▶ _WORK TO BE COMPLETED_
In the records below, find the line with "Men's jeans - SKY REBEL - 2" and the line with "Tennisplatz. Tennisplätze machen"; return exactly those lines and every line between them.

▶ _SOURCE INFORMATION_

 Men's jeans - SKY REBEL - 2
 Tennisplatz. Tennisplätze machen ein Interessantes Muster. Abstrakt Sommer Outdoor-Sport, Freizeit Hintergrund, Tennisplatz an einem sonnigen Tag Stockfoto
* * *
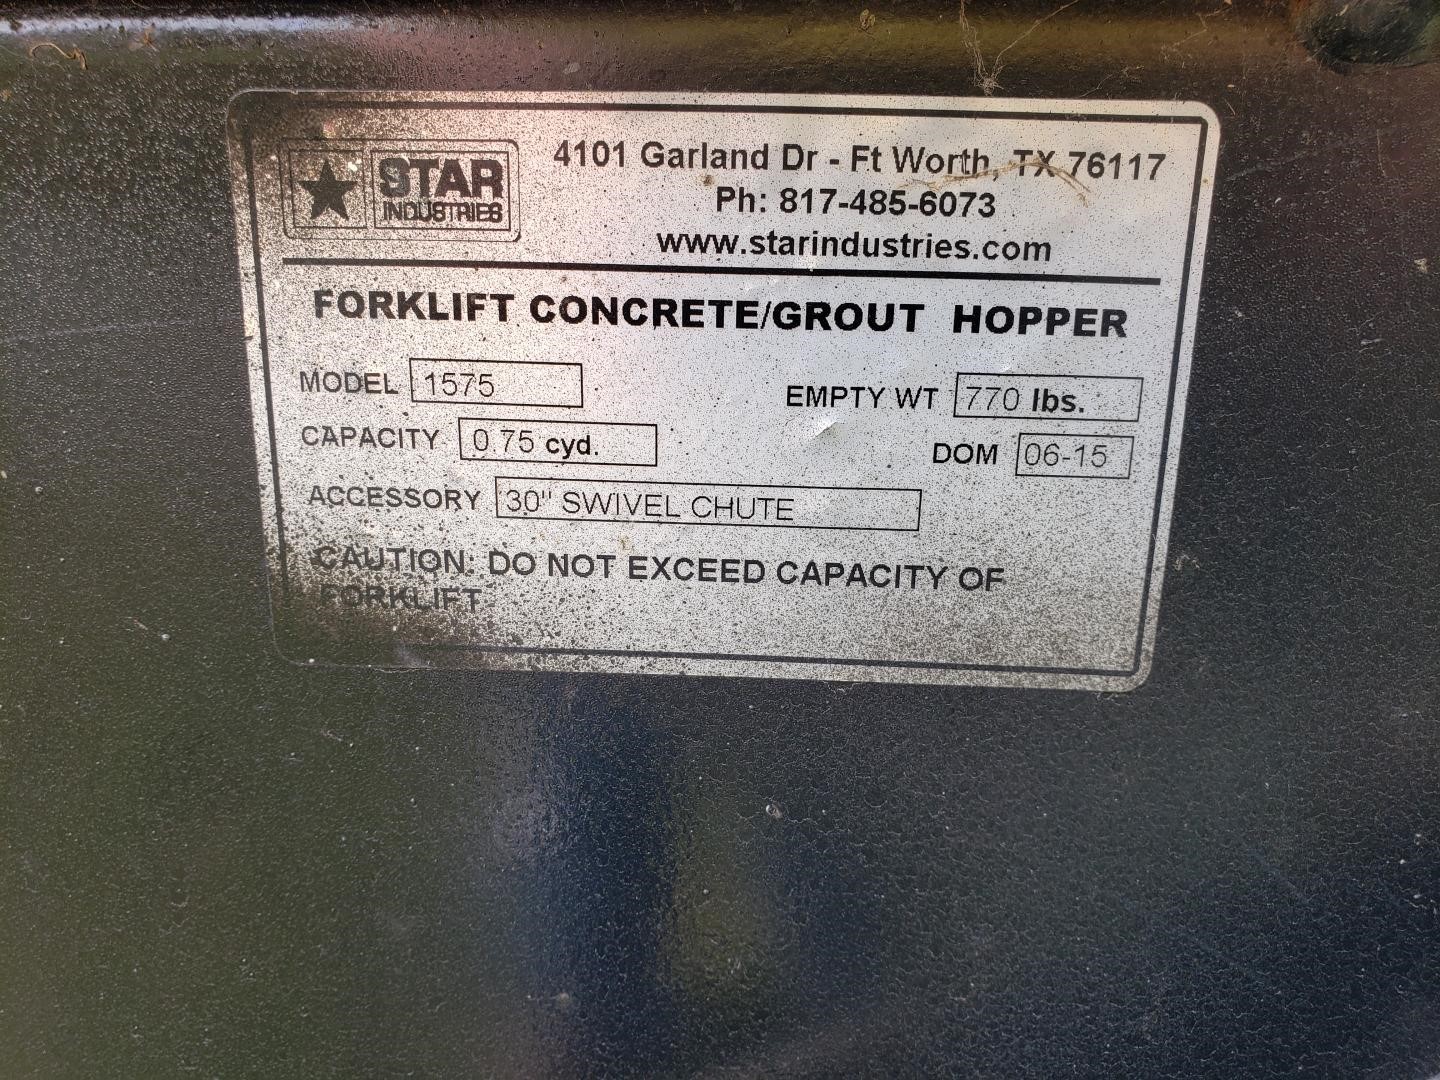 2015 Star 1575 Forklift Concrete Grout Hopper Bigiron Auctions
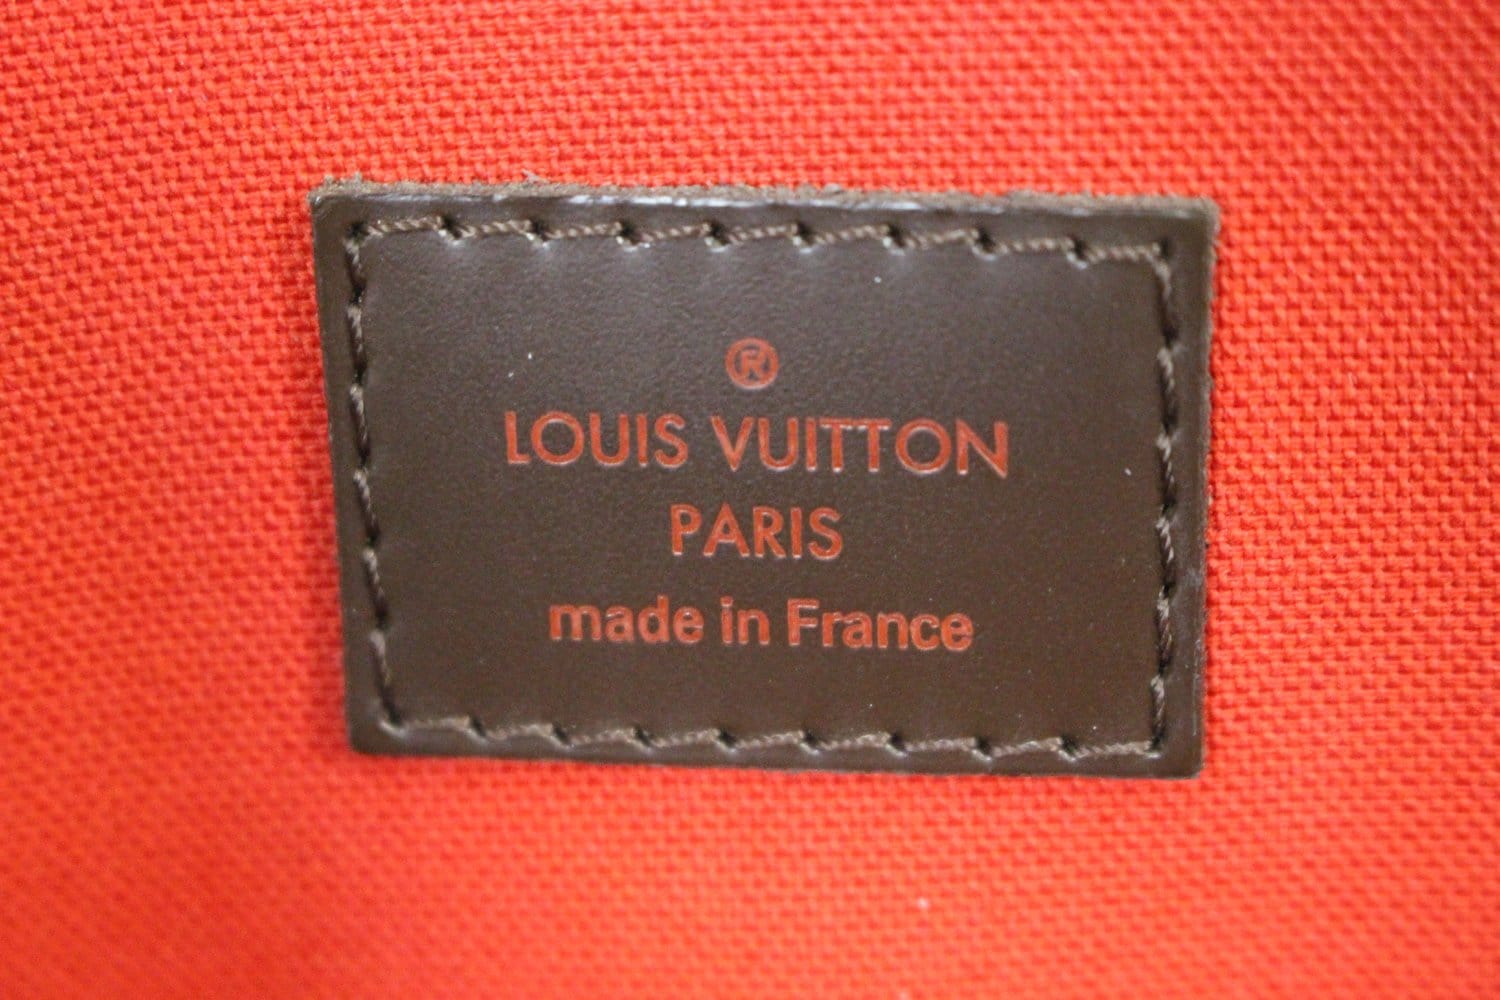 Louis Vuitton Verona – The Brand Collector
...
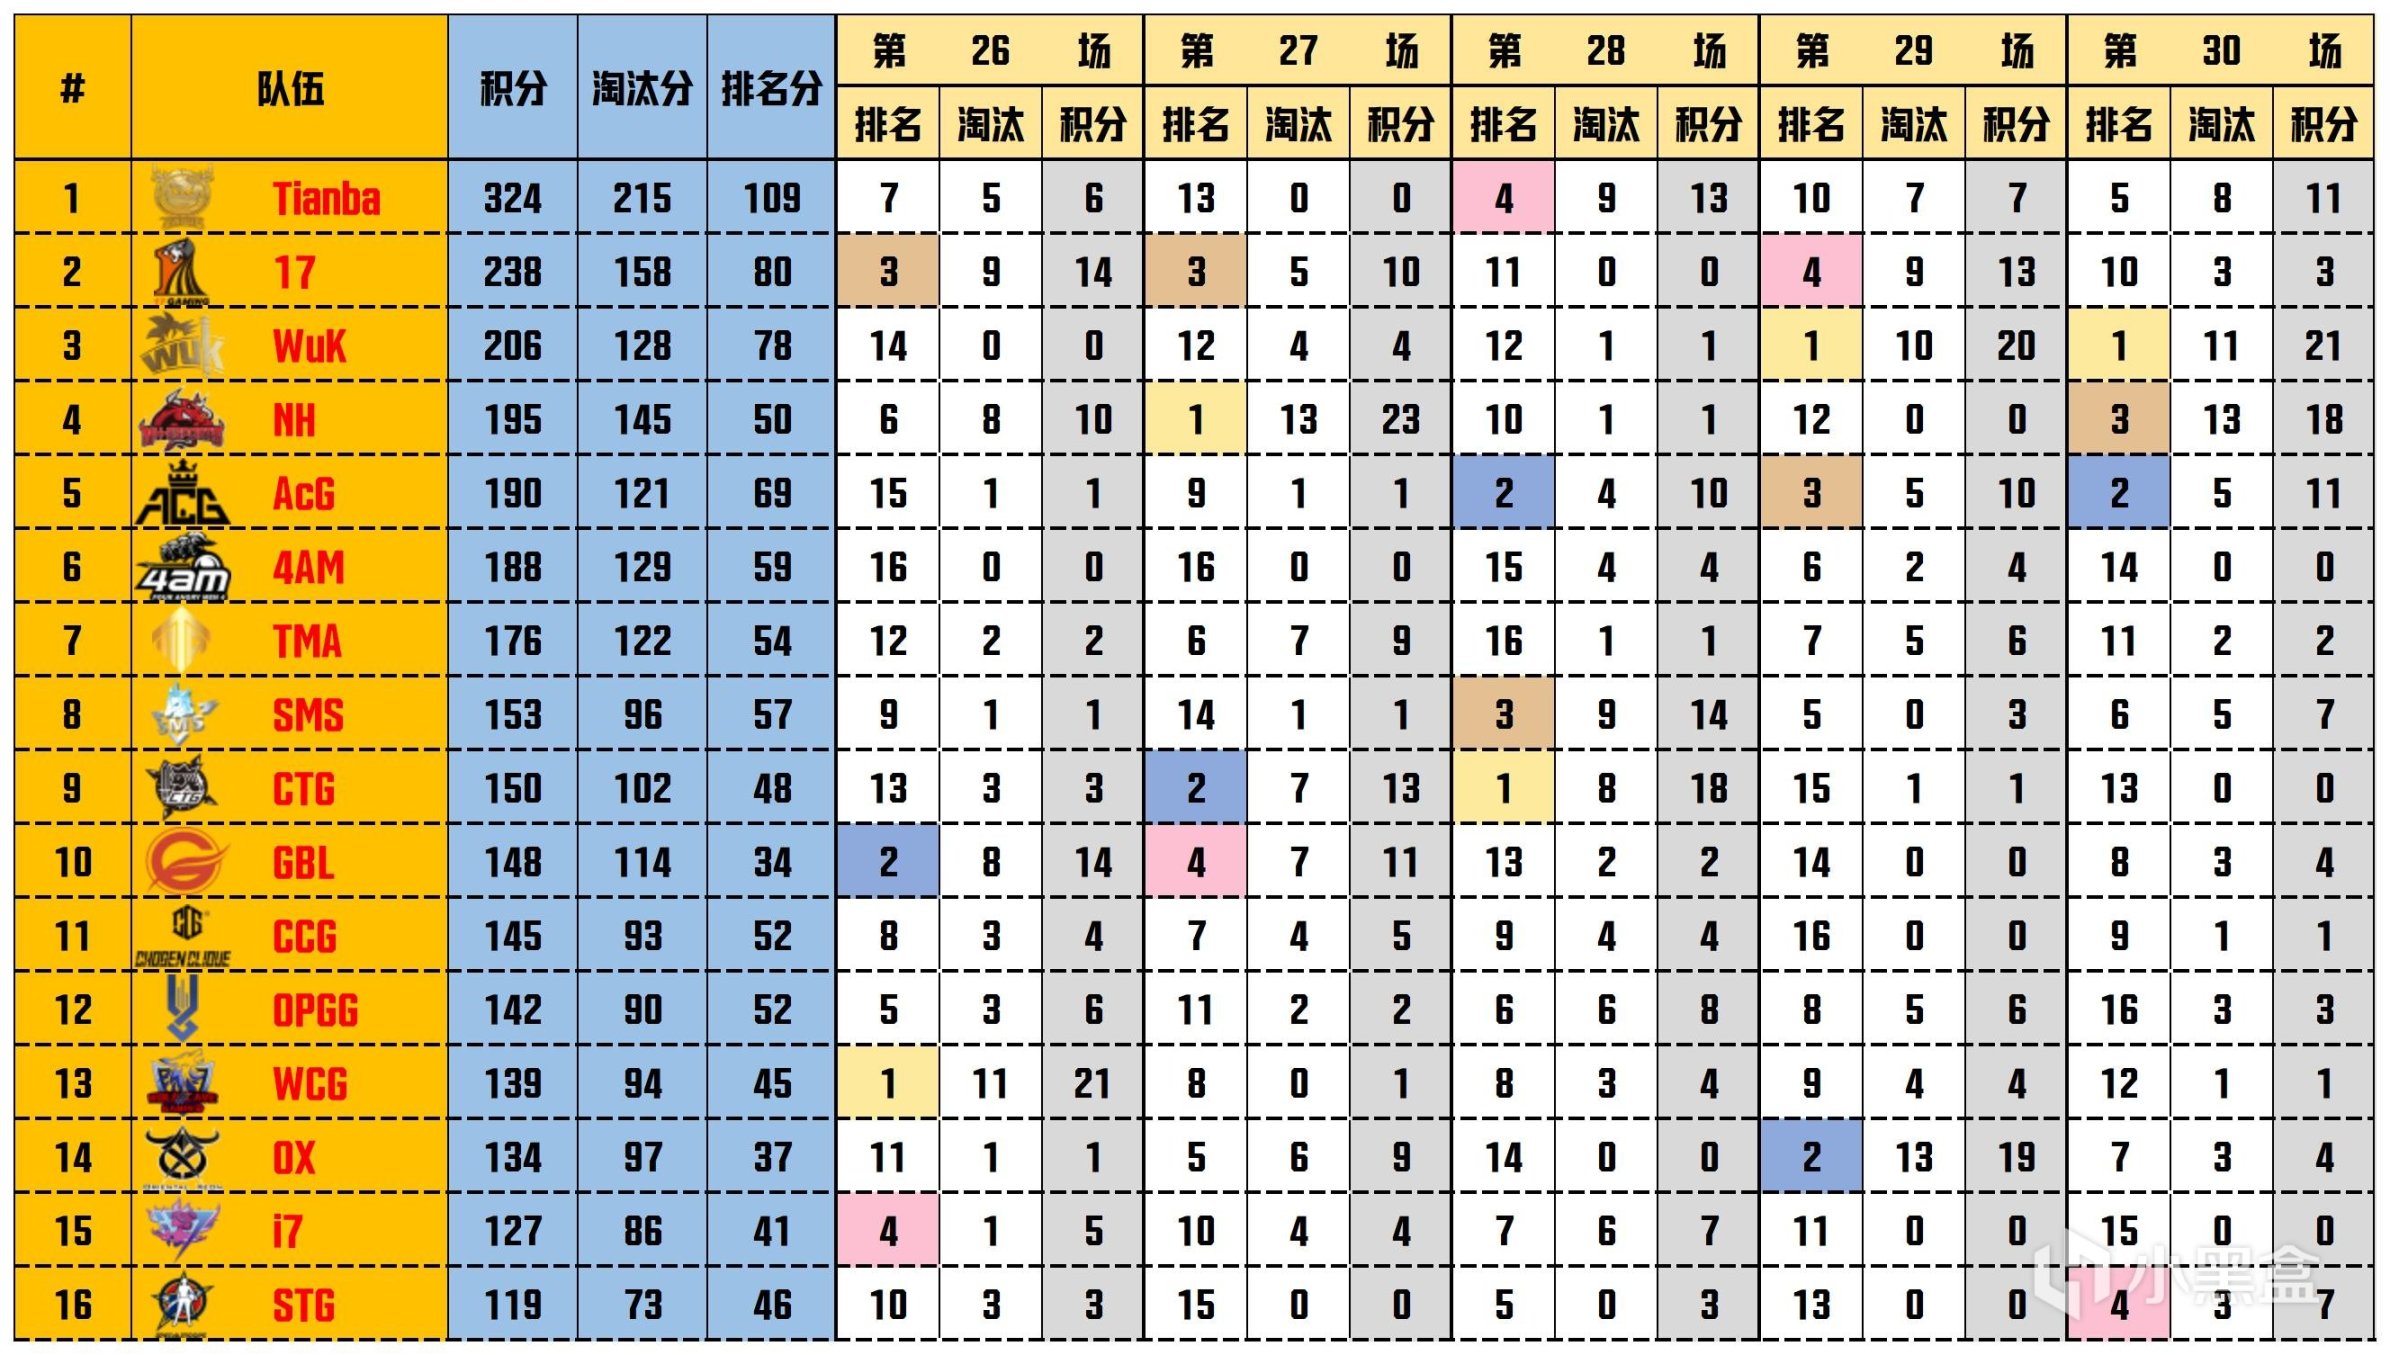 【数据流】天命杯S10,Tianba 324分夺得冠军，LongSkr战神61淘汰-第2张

▶ _TASK SOLUTION_
 Men's jeans - SKY REBEL - 2
 Tennisplatz. Tennisplätze machen ein Interessantes Muster. Abstrakt Sommer Outdoor-Sport, Freizeit Hintergrund, Tennisplatz an einem sonnigen Tag Stockfoto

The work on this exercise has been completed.